Later this year, his company — backed by $65 million in venture capital funding — plans to offer a zero-carbon drywall called EcoRock. It looks and performs like traditional drywall and will be priced comparably, but it uses no heat in its creation. Instead, the mix of ingredients, which Surace would not disclose but said were mainly materials diverted from landfills, are heated through a chemical reaction. "This is brand-new materials science," he said.
He said that using EcoRock instead of gypsum drywall could reduce carbon dioxide emissions in nationwide by 25 billion pounds a year.
Beyond concrete and drywall, there is an explosion of promising new materials, from energy-harvesting glass to panels made from sorghum stalks and paint that cleans the air.
Traversing Brownell's Web site is like browsing through a catalogue of human ingenuity. A natural paint called Reben from the Suzuran Corporation in Japan contains scallop shell powder, which prevents mold, bacteria growth and the spread of flames, and titanium dioxide, which absorbs pollutants.
Want to cut down on waste? The Enviro Board Corporation in Westlake Village, California, makes low-cost, versatile building panels out of wheat straw and grass, while Kirei USA of San Diego makes woodlike panels made from sorghum stalks.
Some of the most interesting developments involve harvesting energy and sunlight in novel ways. Brownell points to "daylight delivery" systems, like the Parans Solar Lighting System by the Swedish company Parans. Its system works by collecting and intensifying sunlight on a rooftop like a solar panel, then transmitting it over a fiber optic network to unlit interior spaces for a remote-skylight effect.
Then there was Brownell's "product of the week" last week: GreenPix, a zero-energy "media wall" designed by the architects Simone Giostra & Partners and the engineering company Arup.
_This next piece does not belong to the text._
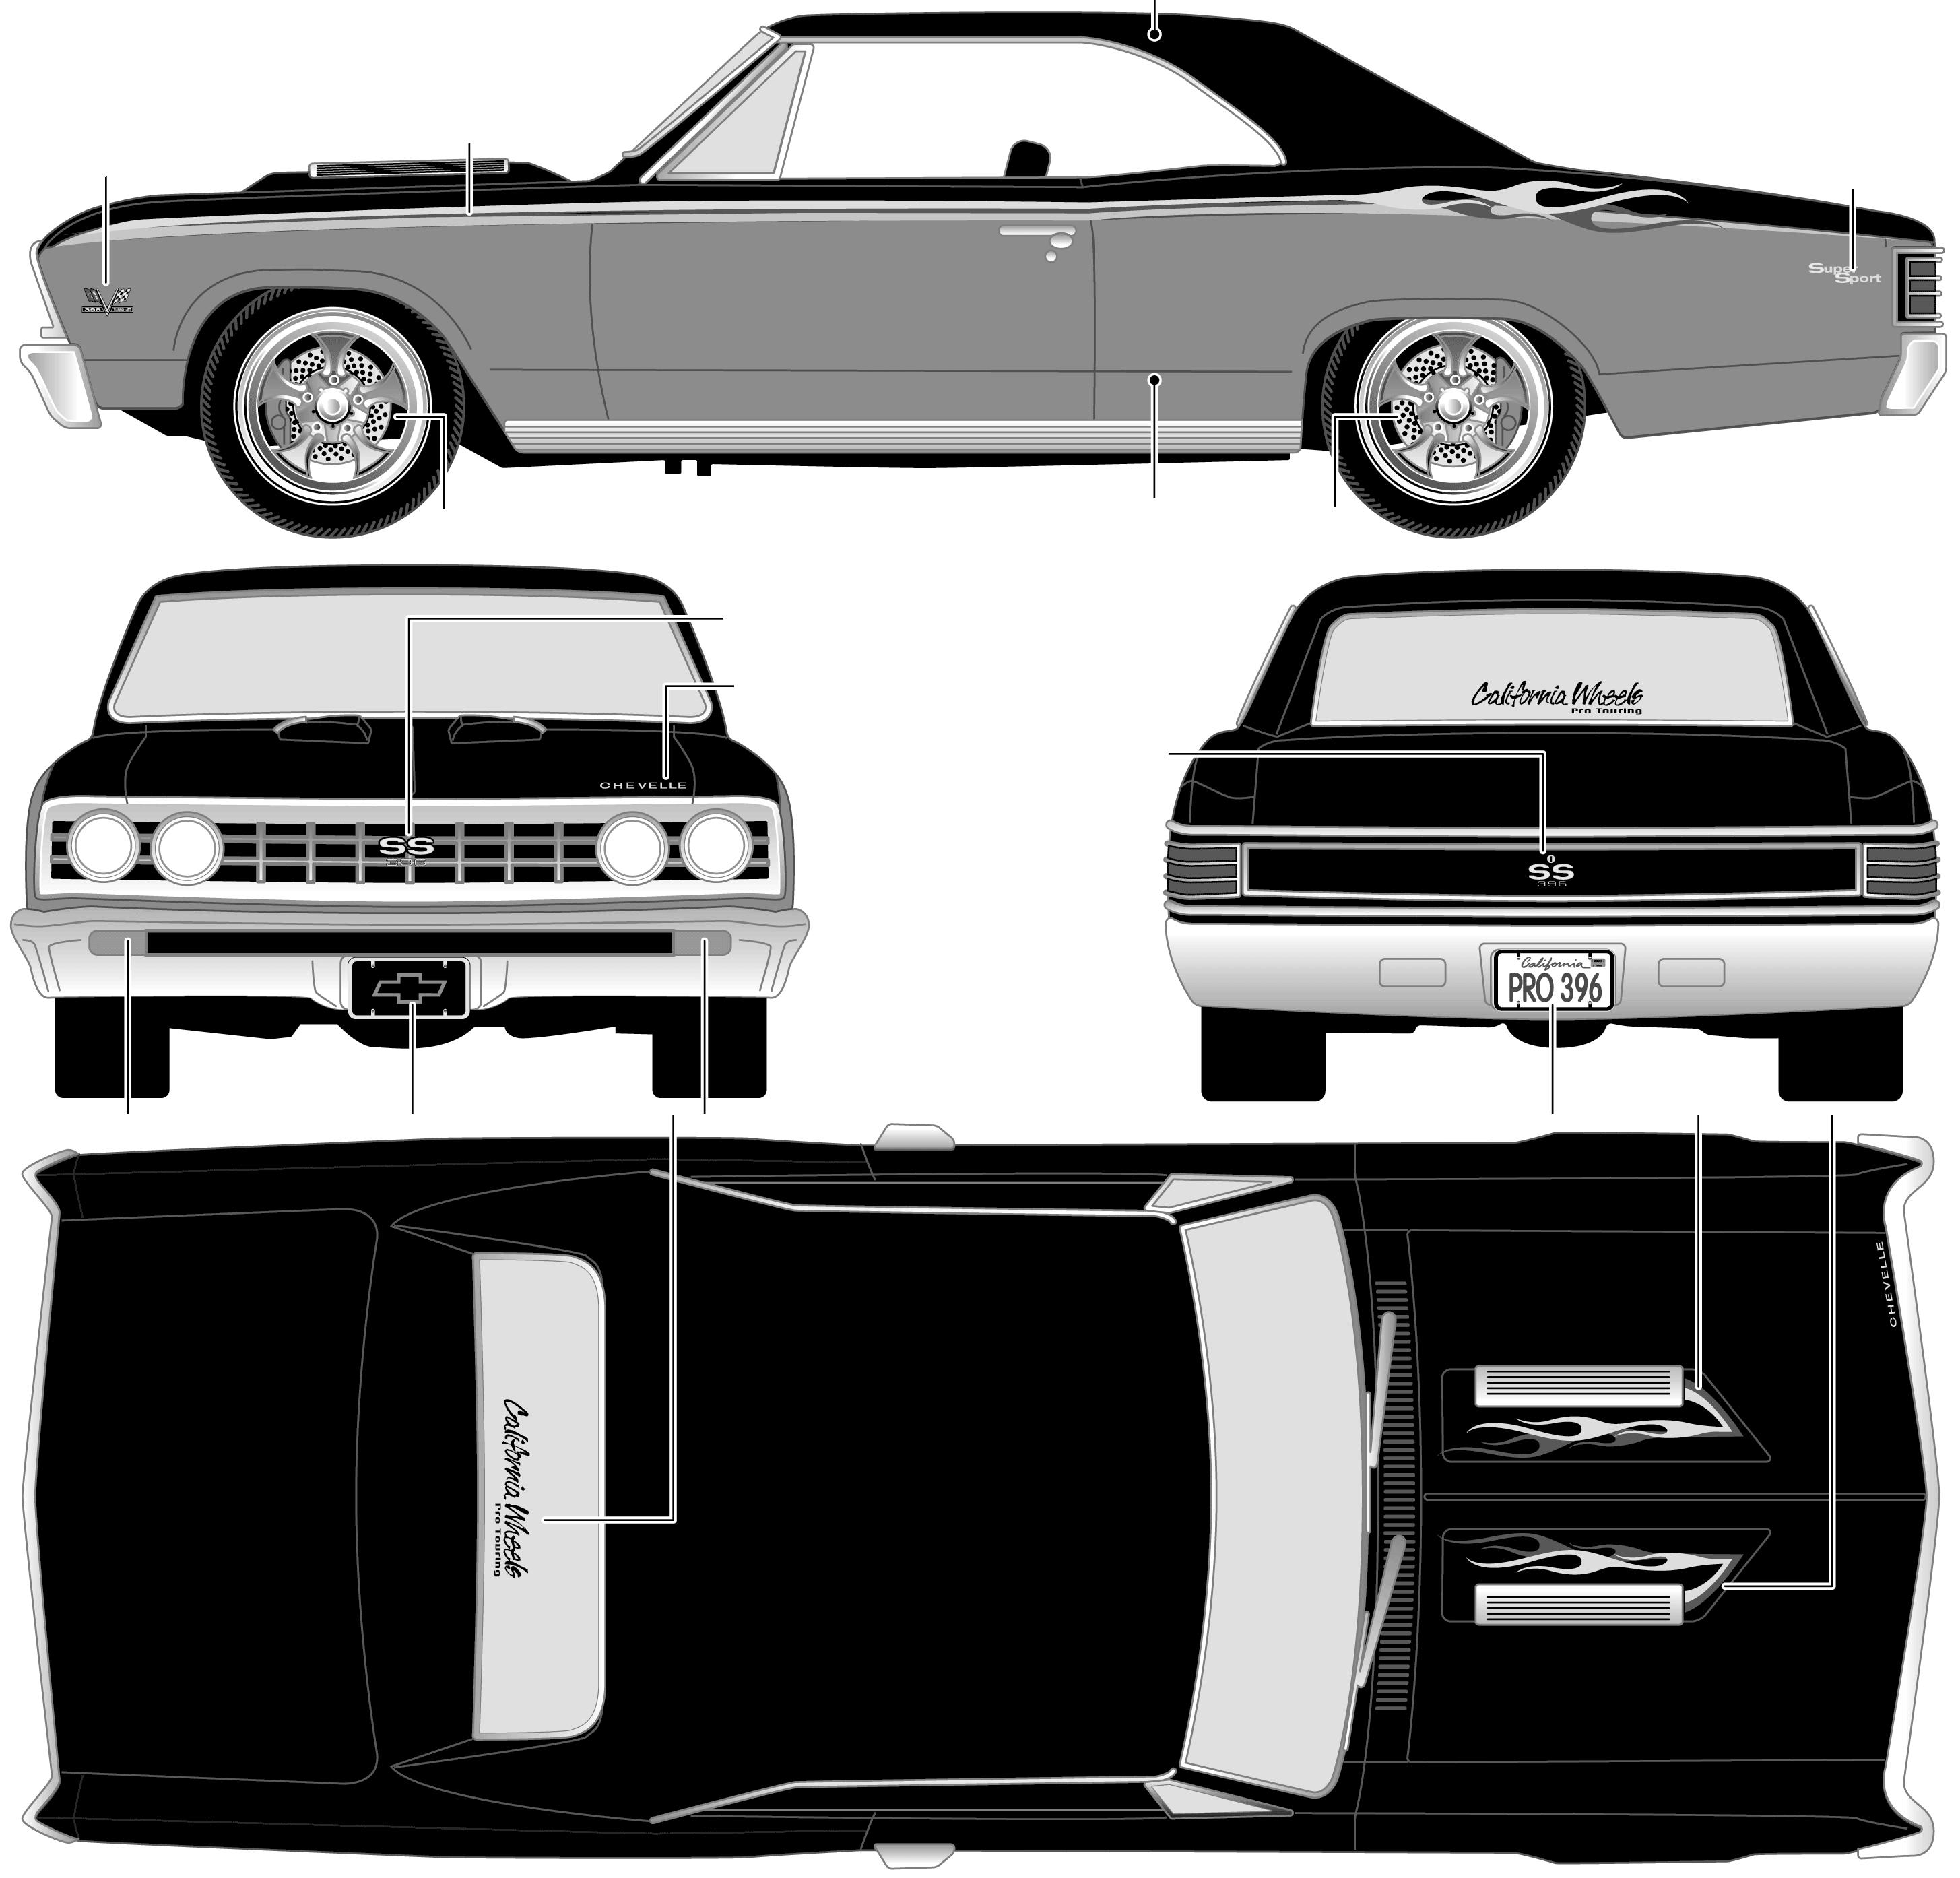 1967 chevelle clipart jpg stock 1967 Chevrolet Chevelle SS 396 Coupe blueprints free - Outlines jpg stock
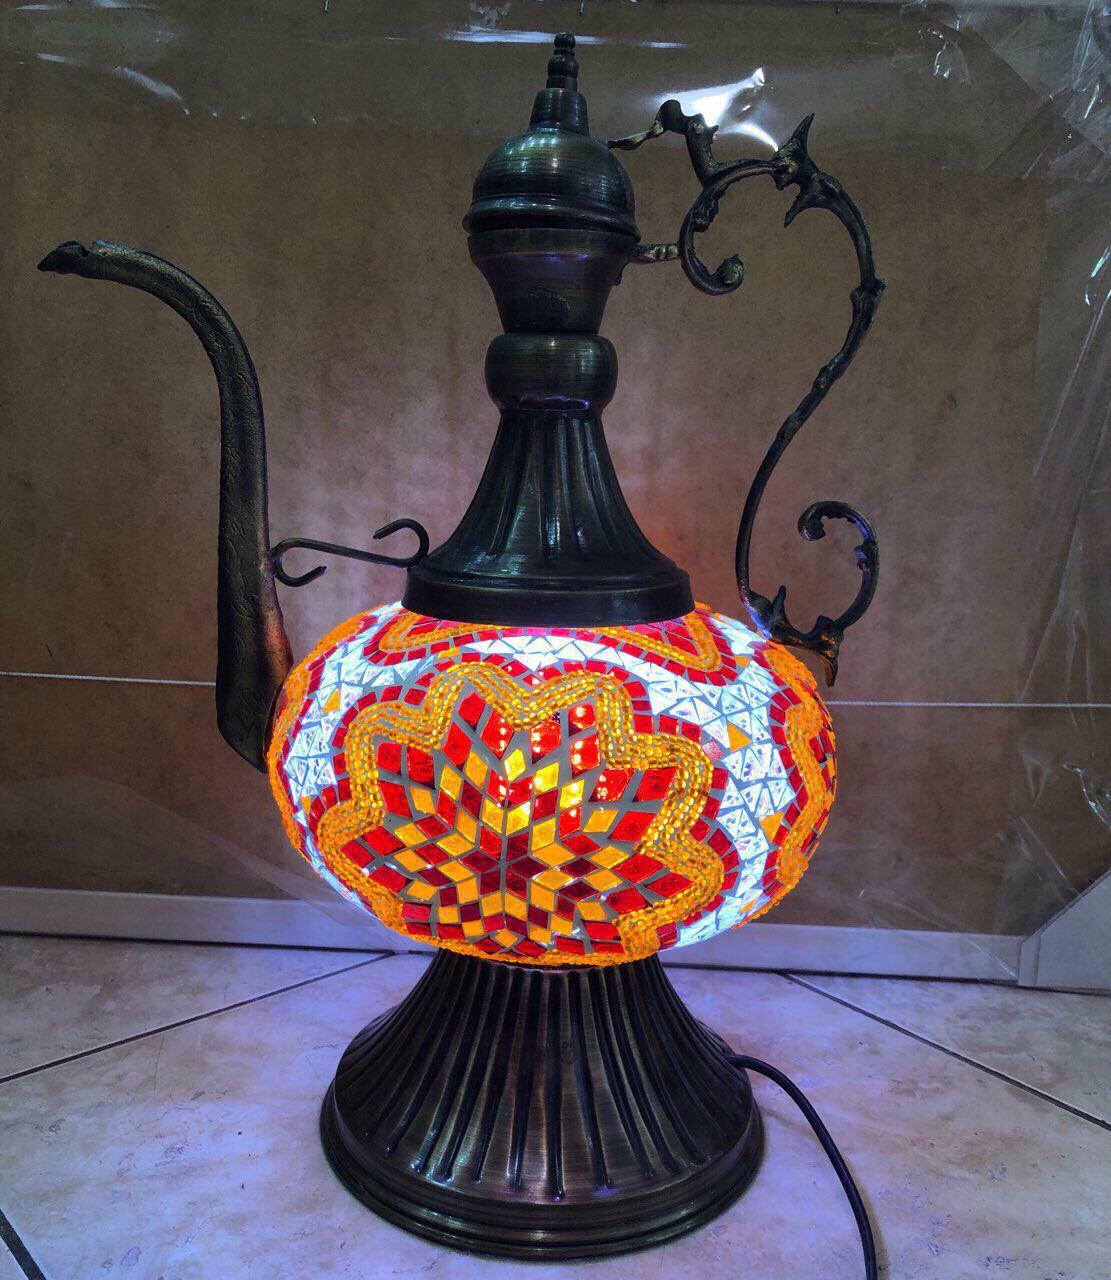 Настільний турецький світильник велика лампа Аладіна Sinan з мозаїки ручної роботи 50 см

Designed for a Beijing entertainment center, it uses polycrystalline photovoltaic cells laminated within the building's glass facade to absorb solar energy that powers thousands of tiny light-emitting diodes.
In a similar spirit, the Eco-Curtain by Inaba Electric Works in Japan integrates miniwind turbines into a building's facade. A shopping center in Nagoya, Japan, outfitted with an Eco-Curtain incorporates 775 vertically placed windmills and produces an estimated 7,551 kilowatt-hours annually — enough, Brownell says, to power the shopping center's indoor lighting.
"Buildings can play a much broader role in harvesting energy," Brownell said. And not just new buildings. He also envisions retrofitting existing facades with energy-harvesting materials. In the future, he muses, "we may look at city skylines and see gold in them thar facades."